Present

Present is a collaborative piece that I created with my daughter, Haidyn, when she was 18 months old. It is about being present in a moment, which is something that having children has taught me.

So often we live the moments of our lives without really being present. In our minds, we are planning for the future, anticipating the next moment, making lists of what we have to do, or remembering, referring to, or trying to forget, the past. While these are all valuable cognitive processes, they tend to prevent us from truly experiencing the moment we are in. Are we really aware of the person speaking to us, hearing their tone, comprehending the nuance in their message? Are we really seeing our surroundings, noticing the light, smelling the air, feeling the weight of the atmosphere, observing the amazing details around us?

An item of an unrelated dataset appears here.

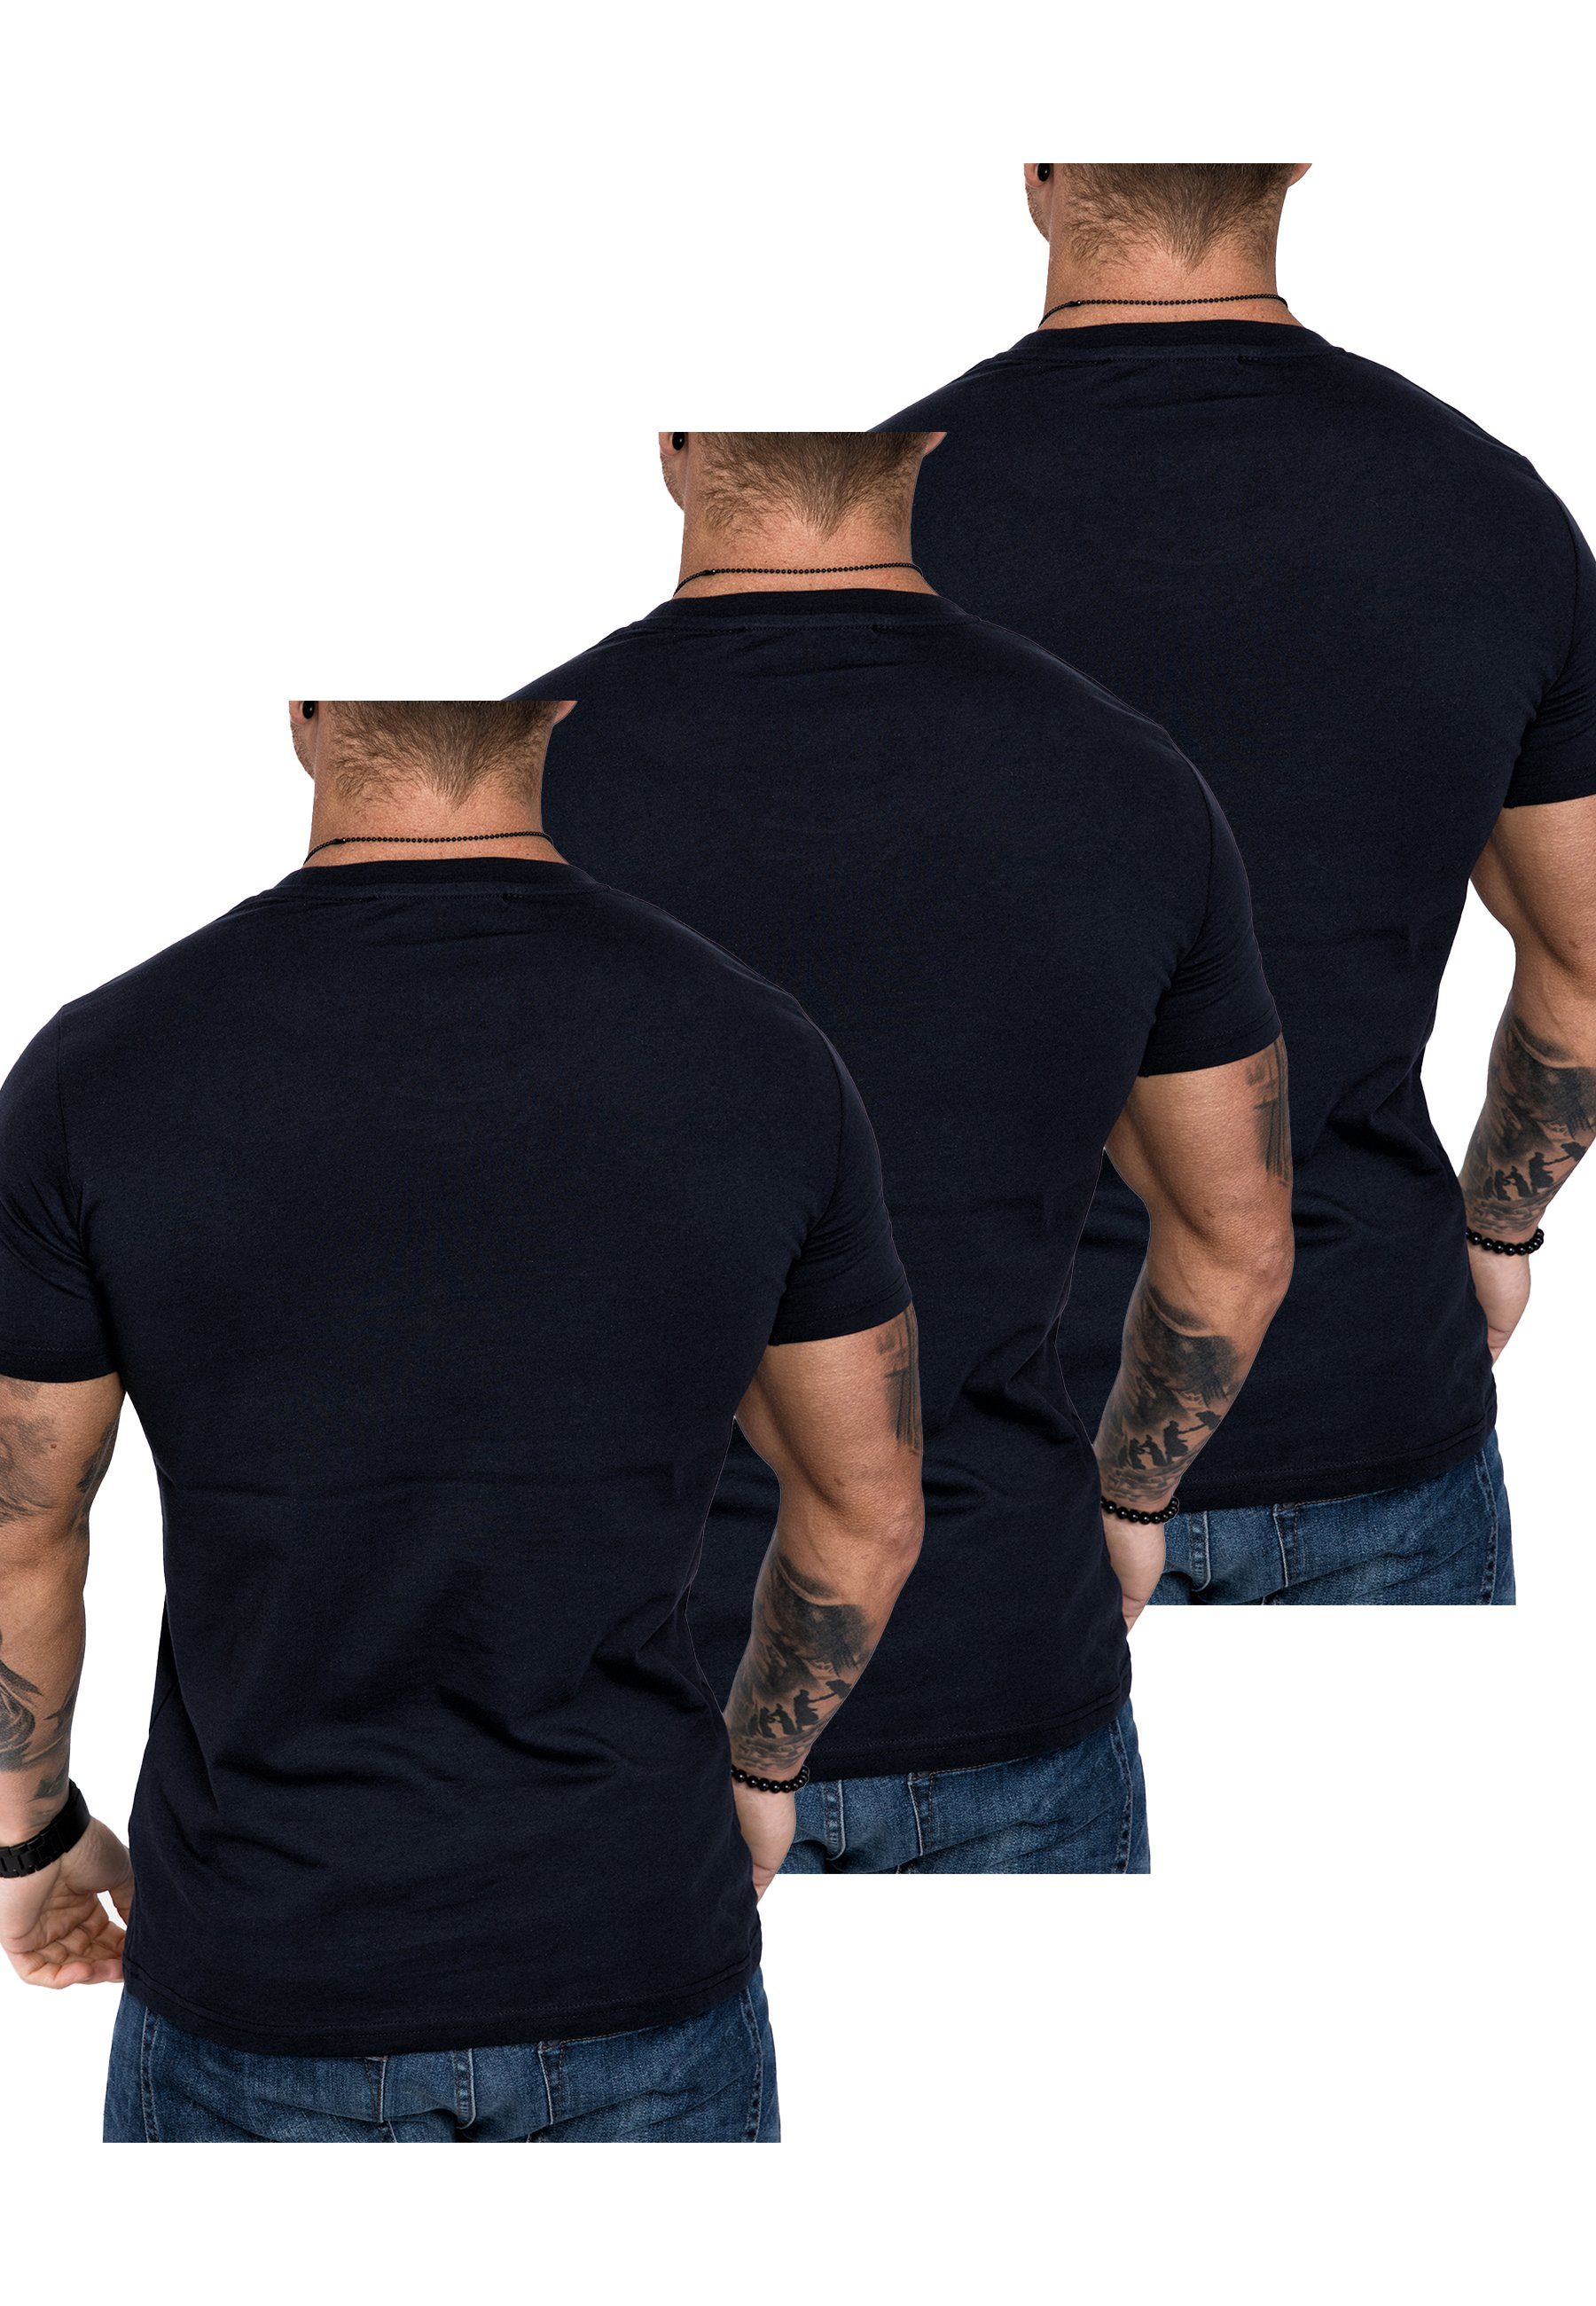 mit LANCASTER T-Shirt T-Shirt Herren Amaci&Sons 3. 3er-Pack (3x Basic (3er-Pack) T-Shirts Rundhalsausschnitt Navyblau) Oversize

Even at a very young age, Haidyn would sometimes take photos with our digital camera. I couldn’t help but notice that the ones she took were the ones that seemed to represent being present the most. She would capture the treetops and the sky, or a close-up of the way the grass meets the ground, or where the floor meets a wall, or backs or feet of people around her, or the corner of a canopy overhead. They seem to be more observant, more poetic.

So, in this composition, Haidyn’s photos are the clear images in the center/foreground, and the outer/background texture is made from overlaps of almost all the photos I had taken in the months prior to creating this piece. These symbolize the way that, when I take photos, I am often somewhat removed from the experience of the present, focused on preserving the moment for the future, a record of the past.

Words that refer to the past and the future are woven into this area outside of the present: planning, preparing, anticipating, expecting, rehearsing, documenting, reviewing, recollecting, remembering, forgetting...

The large blue space in the center is a photo of the sky that Haidyn took, and it represents the purity of the present, open and uncluttered by the distracting complexity of the past and future.

Haidyn has always loved to draw, and at that age had been working on circles and loops, so I used them (digitally changed to white) to represent a sort of active, energized force-field that clears out a space for the present. The beaded loop is a rosary, also symbolizing a sort of protective force-field, because of the way prayer works to clear a space to focus our attention on something important in our lives.

Haidyn—and now her brother, Spencer, too—teach me the real meaning of being present. They inspire (and require) a level of attention and focus that so often returns me to the present moment: their present to me.

I imagined a conversation with Haidyn where I, over-thinking as usual, asked: “What of the moments that were the present in the past, and those that will be the present in the future, and isn't thinking of other times now still the present?”

“This is present,”she says, simply. Every time.

Present was composed in Adobe Photoshop, using hundreds of digital photos, as well as many scans of hand-drawn circles and loops, and a scan of my rosary.